| Exercise data |
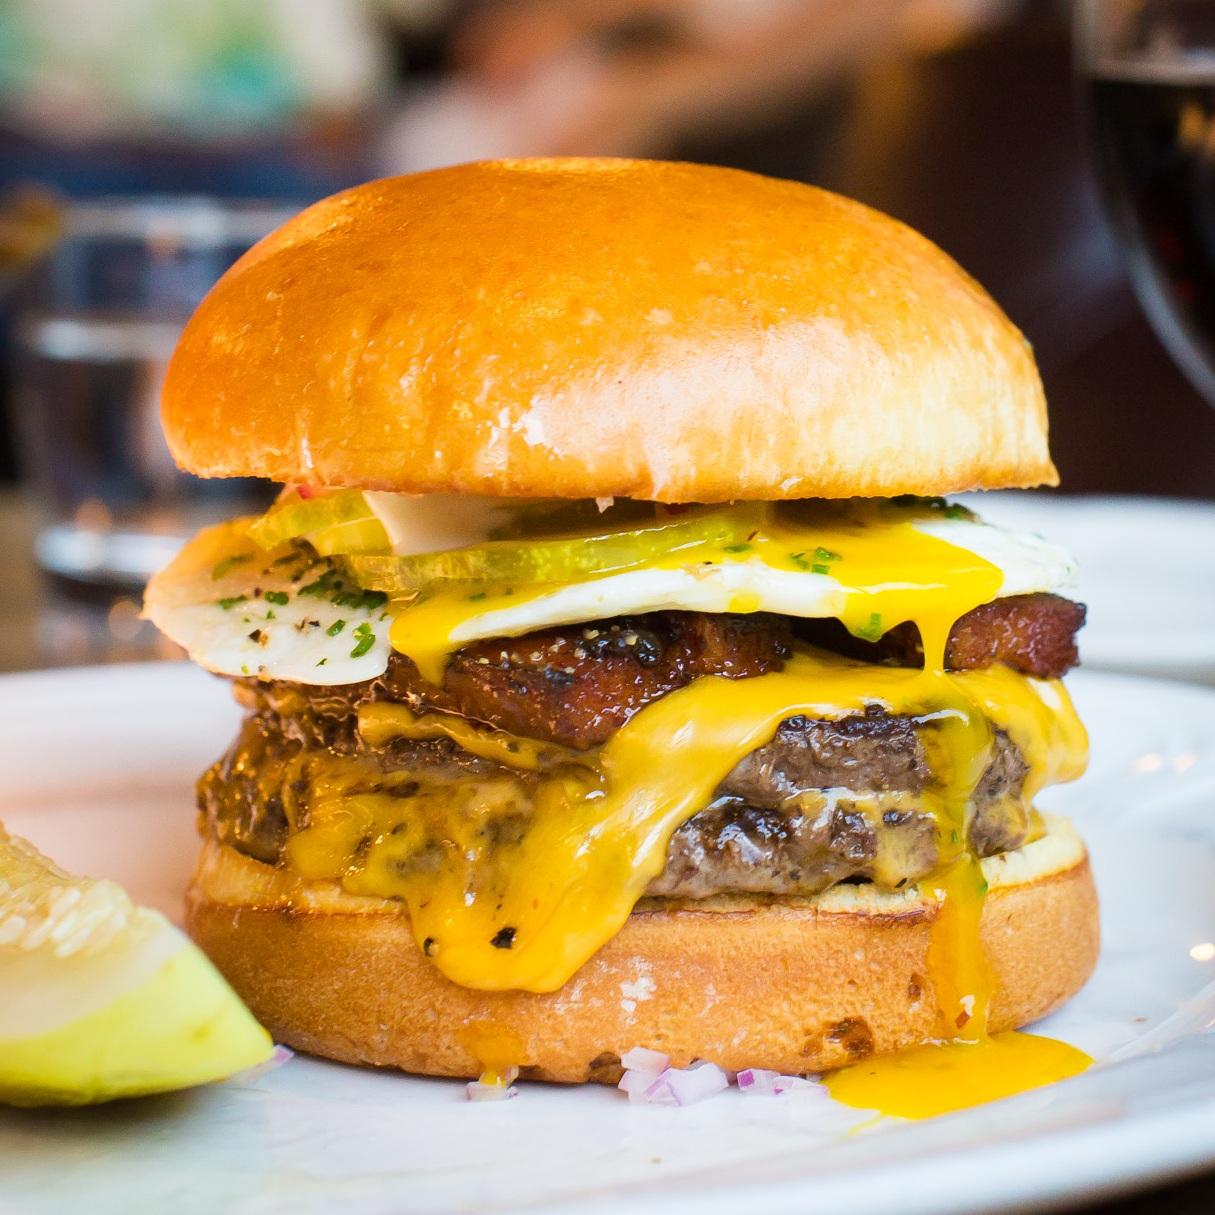 Au Cheval - $$, West Loop, Burgers, Brunch, Gluten-free
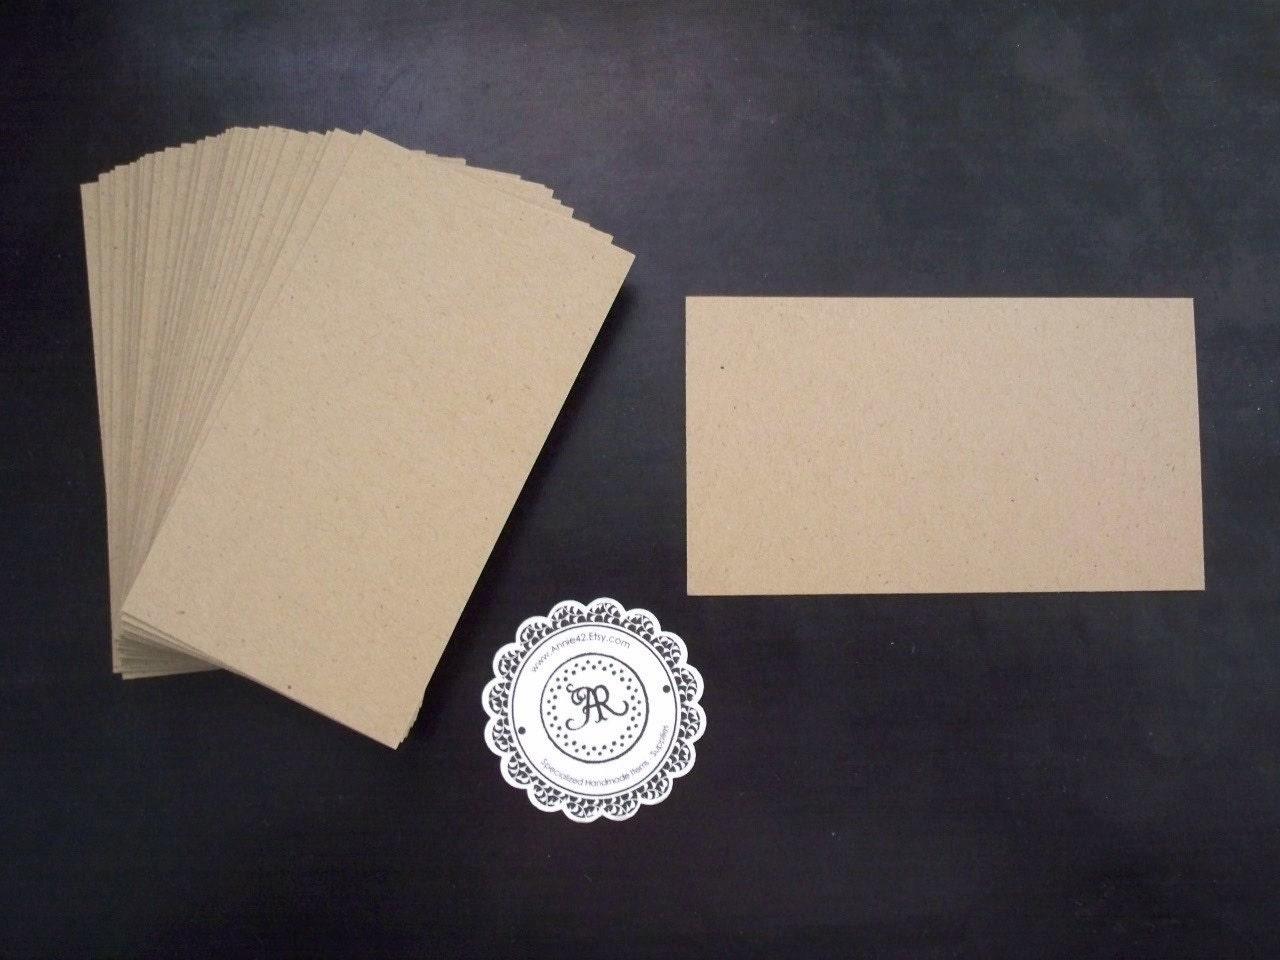 бланк визитная карточка
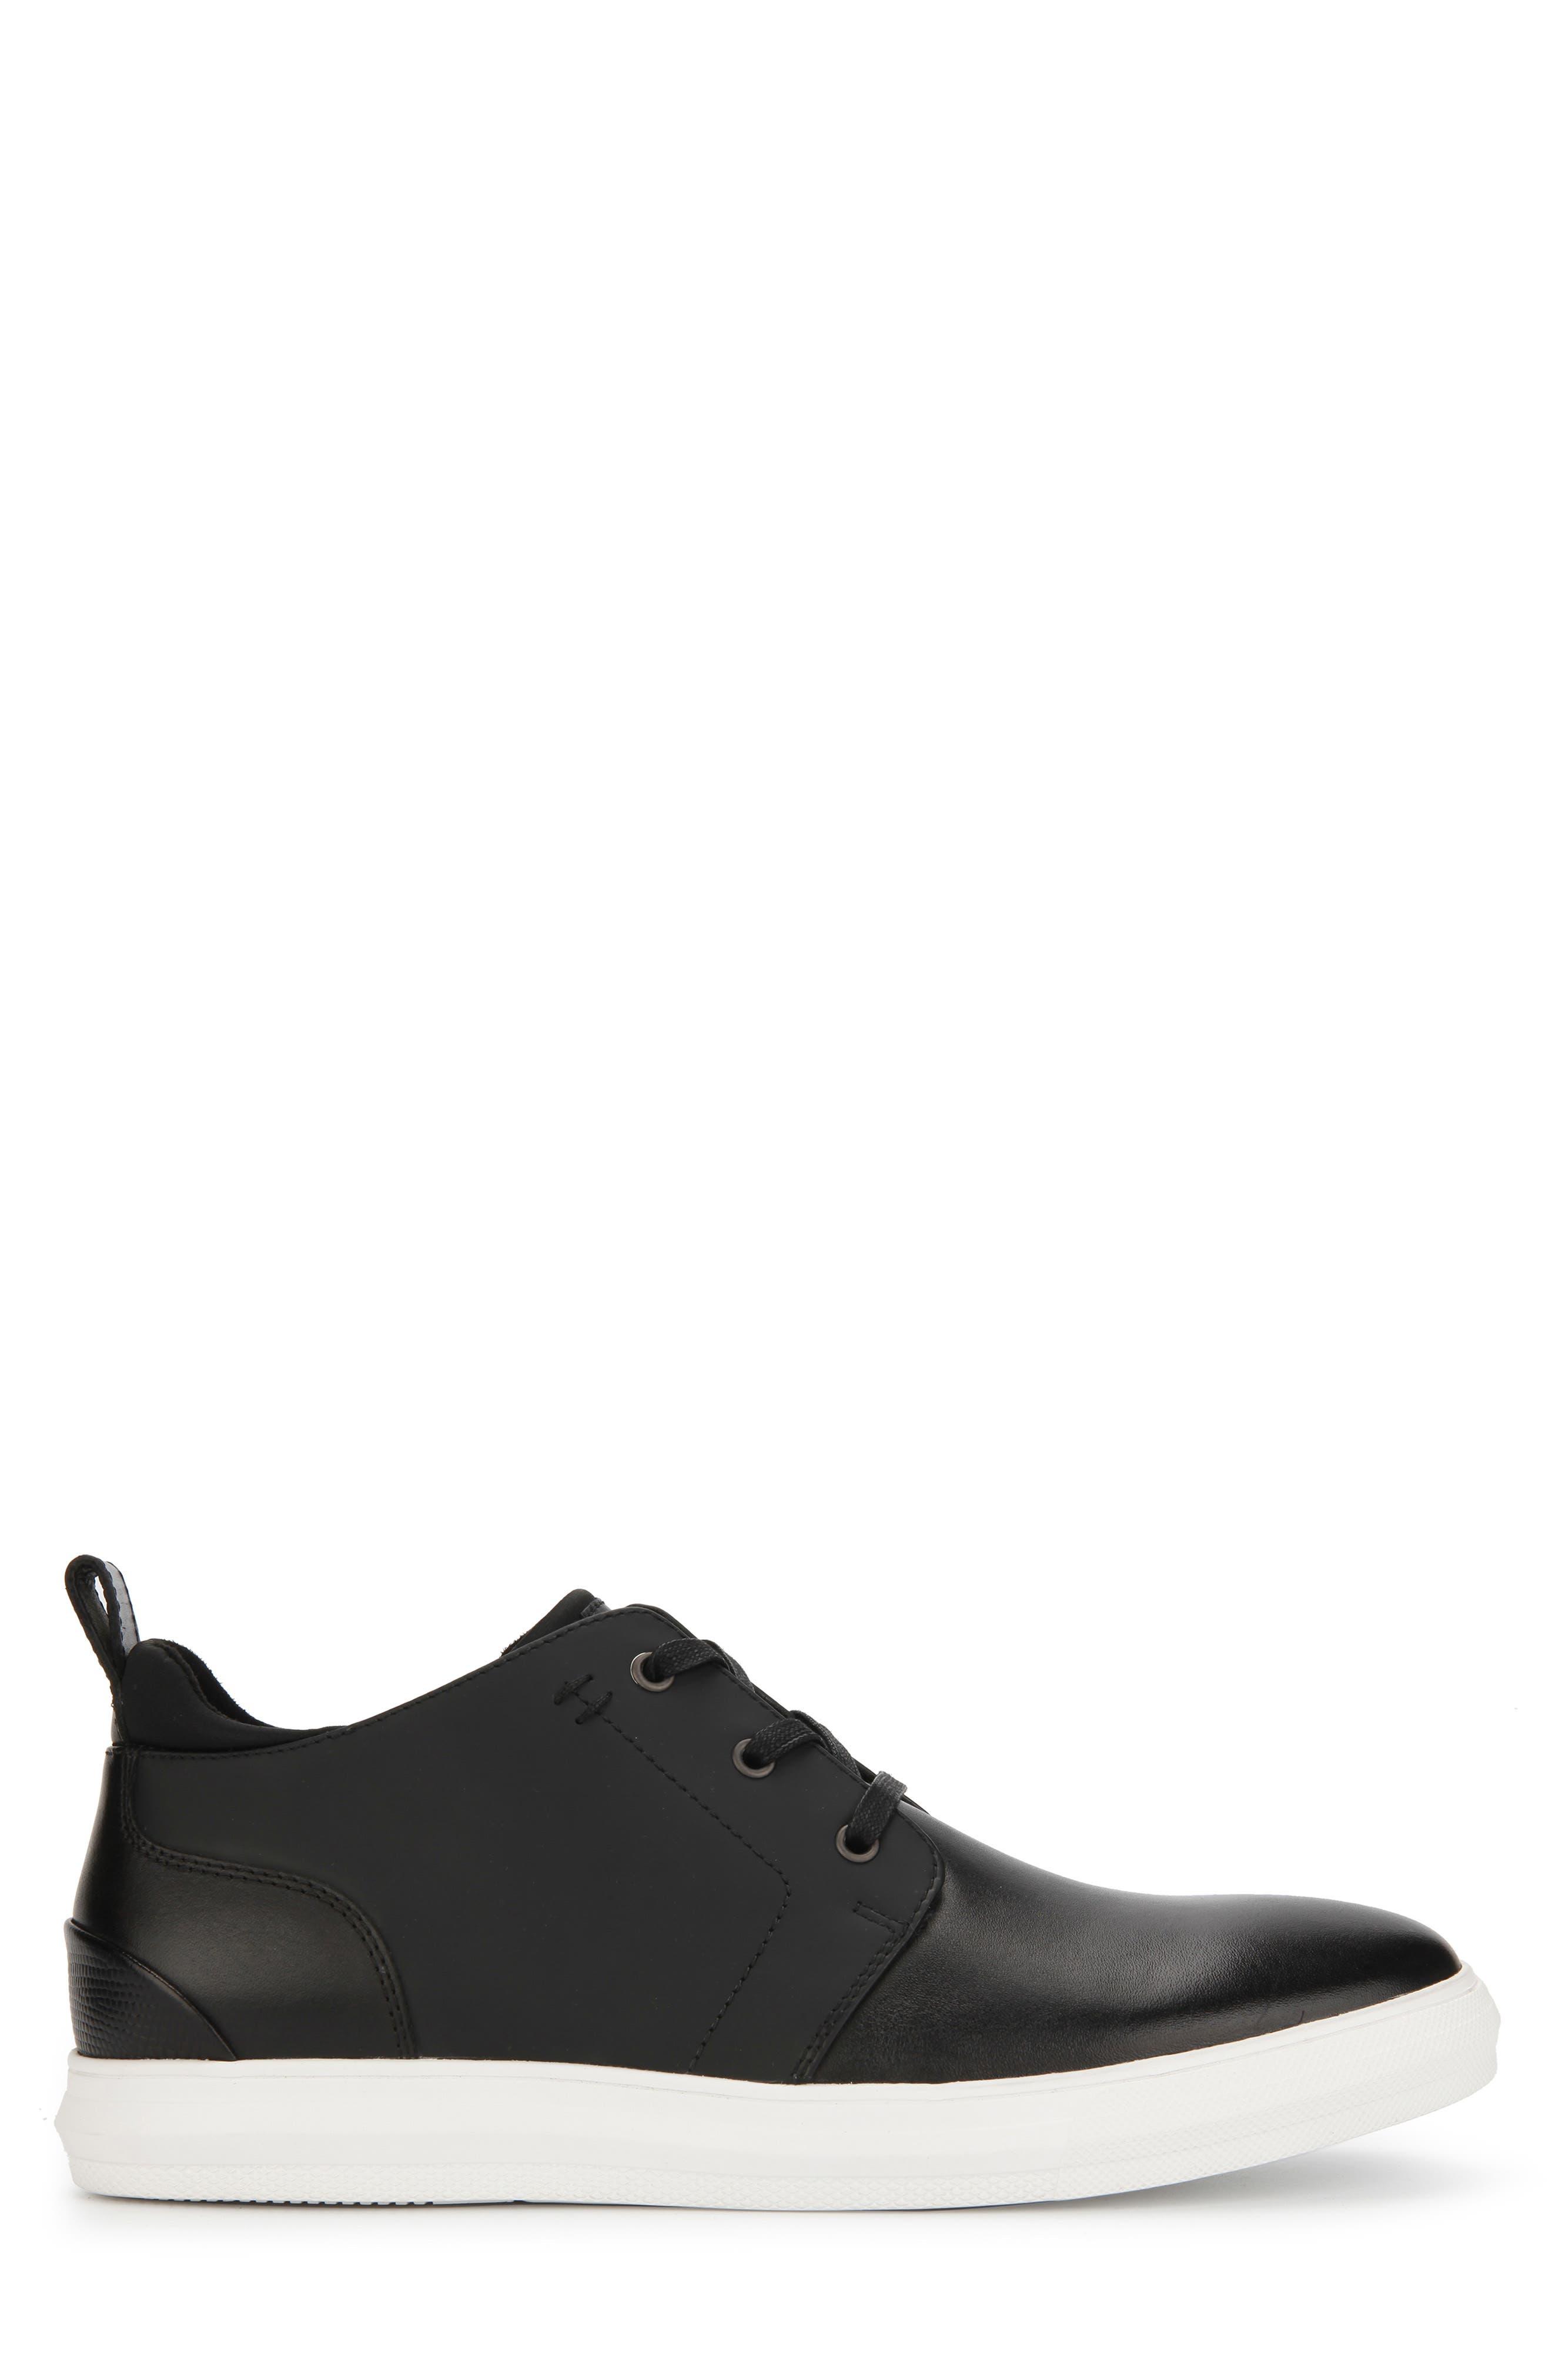 REACTION KENNETH COLE, Reemer Chukka Sneaker, Alternate thumbnail 2, color, BLACK

| Task to carry out |
Instruction for this listing: copy it exactly, but leave the images behind.

| Your solution |
 Au Cheval - $$, West Loop, Burgers, Brunch, Gluten-free
 бланк визитная карточка
 REACTION KENNETH COLE, Reemer Chukka Sneaker, Alternate thumbnail 2, color, BLACK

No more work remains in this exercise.